AVAILABLE RECORDS:
== Segment start ==

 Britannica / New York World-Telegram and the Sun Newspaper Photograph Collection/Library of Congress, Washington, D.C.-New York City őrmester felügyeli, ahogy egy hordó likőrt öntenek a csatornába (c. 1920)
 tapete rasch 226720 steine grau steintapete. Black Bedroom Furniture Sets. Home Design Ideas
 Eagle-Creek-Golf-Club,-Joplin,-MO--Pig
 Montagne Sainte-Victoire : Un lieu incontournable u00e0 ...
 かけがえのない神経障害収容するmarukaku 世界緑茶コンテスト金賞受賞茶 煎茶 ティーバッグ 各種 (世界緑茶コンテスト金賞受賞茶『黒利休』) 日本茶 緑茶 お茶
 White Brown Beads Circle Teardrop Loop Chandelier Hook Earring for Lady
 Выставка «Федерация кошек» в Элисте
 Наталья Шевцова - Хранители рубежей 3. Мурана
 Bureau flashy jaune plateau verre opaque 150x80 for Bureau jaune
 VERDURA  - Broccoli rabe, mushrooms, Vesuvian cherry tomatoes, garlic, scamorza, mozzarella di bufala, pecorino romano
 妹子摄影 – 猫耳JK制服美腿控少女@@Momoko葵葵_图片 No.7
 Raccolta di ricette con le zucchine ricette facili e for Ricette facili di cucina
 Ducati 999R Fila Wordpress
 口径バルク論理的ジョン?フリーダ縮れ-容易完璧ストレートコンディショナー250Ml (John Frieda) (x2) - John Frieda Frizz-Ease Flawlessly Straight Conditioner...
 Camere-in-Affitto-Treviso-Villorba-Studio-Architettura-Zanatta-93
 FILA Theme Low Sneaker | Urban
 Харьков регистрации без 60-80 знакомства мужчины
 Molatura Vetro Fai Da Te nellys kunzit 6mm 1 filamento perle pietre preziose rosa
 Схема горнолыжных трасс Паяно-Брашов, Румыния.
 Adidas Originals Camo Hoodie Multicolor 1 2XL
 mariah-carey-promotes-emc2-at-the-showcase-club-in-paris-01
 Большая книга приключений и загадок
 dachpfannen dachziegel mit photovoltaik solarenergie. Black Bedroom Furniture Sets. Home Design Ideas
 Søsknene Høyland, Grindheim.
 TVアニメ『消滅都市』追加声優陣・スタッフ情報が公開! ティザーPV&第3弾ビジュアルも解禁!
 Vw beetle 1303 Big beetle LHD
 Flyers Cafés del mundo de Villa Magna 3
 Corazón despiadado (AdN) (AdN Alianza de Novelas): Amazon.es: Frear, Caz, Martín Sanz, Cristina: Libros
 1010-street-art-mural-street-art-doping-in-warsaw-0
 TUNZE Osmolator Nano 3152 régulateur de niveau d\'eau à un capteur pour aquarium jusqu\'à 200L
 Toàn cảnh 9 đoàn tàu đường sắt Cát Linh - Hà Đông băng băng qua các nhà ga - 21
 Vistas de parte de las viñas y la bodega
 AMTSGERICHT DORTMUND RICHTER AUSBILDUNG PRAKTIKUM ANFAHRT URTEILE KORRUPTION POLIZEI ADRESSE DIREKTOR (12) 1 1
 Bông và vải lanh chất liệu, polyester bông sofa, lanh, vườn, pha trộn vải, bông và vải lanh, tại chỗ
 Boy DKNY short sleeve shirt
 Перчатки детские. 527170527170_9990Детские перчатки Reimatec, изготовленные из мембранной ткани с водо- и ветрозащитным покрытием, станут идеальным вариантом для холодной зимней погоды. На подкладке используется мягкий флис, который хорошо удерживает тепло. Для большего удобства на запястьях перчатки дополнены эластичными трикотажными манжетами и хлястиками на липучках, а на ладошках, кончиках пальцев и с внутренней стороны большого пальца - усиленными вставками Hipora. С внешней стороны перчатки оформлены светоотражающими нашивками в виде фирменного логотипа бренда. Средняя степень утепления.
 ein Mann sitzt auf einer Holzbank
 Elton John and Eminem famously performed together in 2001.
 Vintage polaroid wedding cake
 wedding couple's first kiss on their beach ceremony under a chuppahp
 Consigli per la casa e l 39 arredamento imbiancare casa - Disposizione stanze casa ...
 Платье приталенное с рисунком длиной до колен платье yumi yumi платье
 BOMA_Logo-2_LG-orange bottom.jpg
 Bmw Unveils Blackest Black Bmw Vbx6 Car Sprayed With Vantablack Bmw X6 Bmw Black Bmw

== Segment end ==

ASSIGNMENT:
The entries above must be written out again exactly as they are.

ANSWER TO THIS TASK:
 Britannica / New York World-Telegram and the Sun Newspaper Photograph Collection/Library of Congress, Washington, D.C.-New York City őrmester felügyeli, ahogy egy hordó likőrt öntenek a csatornába (c. 1920)
 tapete rasch 226720 steine grau steintapete. Black Bedroom Furniture Sets. Home Design Ideas
 Eagle-Creek-Golf-Club,-Joplin,-MO--Pig
 Montagne Sainte-Victoire : Un lieu incontournable u00e0 ...
 かけがえのない神経障害収容するmarukaku 世界緑茶コンテスト金賞受賞茶 煎茶 ティーバッグ 各種 (世界緑茶コンテスト金賞受賞茶『黒利休』) 日本茶 緑茶 お茶
 White Brown Beads Circle Teardrop Loop Chandelier Hook Earring for Lady
 Выставка «Федерация кошек» в Элисте
 Наталья Шевцова - Хранители рубежей 3. Мурана
 Bureau flashy jaune plateau verre opaque 150x80 for Bureau jaune
 VERDURA  - Broccoli rabe, mushrooms, Vesuvian cherry tomatoes, garlic, scamorza, mozzarella di bufala, pecorino romano
 妹子摄影 – 猫耳JK制服美腿控少女@@Momoko葵葵_图片 No.7
 Raccolta di ricette con le zucchine ricette facili e for Ricette facili di cucina
 Ducati 999R Fila Wordpress
 口径バルク論理的ジョン?フリーダ縮れ-容易完璧ストレートコンディショナー250Ml (John Frieda) (x2) - John Frieda Frizz-Ease Flawlessly Straight Conditioner...
 Camere-in-Affitto-Treviso-Villorba-Studio-Architettura-Zanatta-93
 FILA Theme Low Sneaker | Urban
 Харьков регистрации без 60-80 знакомства мужчины
 Molatura Vetro Fai Da Te nellys kunzit 6mm 1 filamento perle pietre preziose rosa
 Схема горнолыжных трасс Паяно-Брашов, Румыния.
 Adidas Originals Camo Hoodie Multicolor 1 2XL
 mariah-carey-promotes-emc2-at-the-showcase-club-in-paris-01
 Большая книга приключений и загадок
 dachpfannen dachziegel mit photovoltaik solarenergie. Black Bedroom Furniture Sets. Home Design Ideas
 Søsknene Høyland, Grindheim.
 TVアニメ『消滅都市』追加声優陣・スタッフ情報が公開! ティザーPV&第3弾ビジュアルも解禁!
 Vw beetle 1303 Big beetle LHD
 Flyers Cafés del mundo de Villa Magna 3
 Corazón despiadado (AdN) (AdN Alianza de Novelas): Amazon.es: Frear, Caz, Martín Sanz, Cristina: Libros
 1010-street-art-mural-street-art-doping-in-warsaw-0
 TUNZE Osmolator Nano 3152 régulateur de niveau d\'eau à un capteur pour aquarium jusqu\'à 200L
 Toàn cảnh 9 đoàn tàu đường sắt Cát Linh - Hà Đông băng băng qua các nhà ga - 21
 Vistas de parte de las viñas y la bodega
 AMTSGERICHT DORTMUND RICHTER AUSBILDUNG PRAKTIKUM ANFAHRT URTEILE KORRUPTION POLIZEI ADRESSE DIREKTOR (12) 1 1
 Bông và vải lanh chất liệu, polyester bông sofa, lanh, vườn, pha trộn vải, bông và vải lanh, tại chỗ
 Boy DKNY short sleeve shirt
 Перчатки детские. 527170527170_9990Детские перчатки Reimatec, изготовленные из мембранной ткани с водо- и ветрозащитным покрытием, станут идеальным вариантом для холодной зимней погоды. На подкладке используется мягкий флис, который хорошо удерживает тепло. Для большего удобства на запястьях перчатки дополнены эластичными трикотажными манжетами и хлястиками на липучках, а на ладошках, кончиках пальцев и с внутренней стороны большого пальца - усиленными вставками Hipora. С внешней стороны перчатки оформлены светоотражающими нашивками в виде фирменного логотипа бренда. Средняя степень утепления.
 ein Mann sitzt auf einer Holzbank
 Elton John and Eminem famously performed together in 2001.
 Vintage polaroid wedding cake
 wedding couple's first kiss on their beach ceremony under a chuppahp
 Consigli per la casa e l 39 arredamento imbiancare casa - Disposizione stanze casa ...
 Платье приталенное с рисунком длиной до колен платье yumi yumi платье
 BOMA_Logo-2_LG-orange bottom.jpg
 Bmw Unveils Blackest Black Bmw Vbx6 Car Sprayed With Vantablack Bmw X6 Bmw Black Bmw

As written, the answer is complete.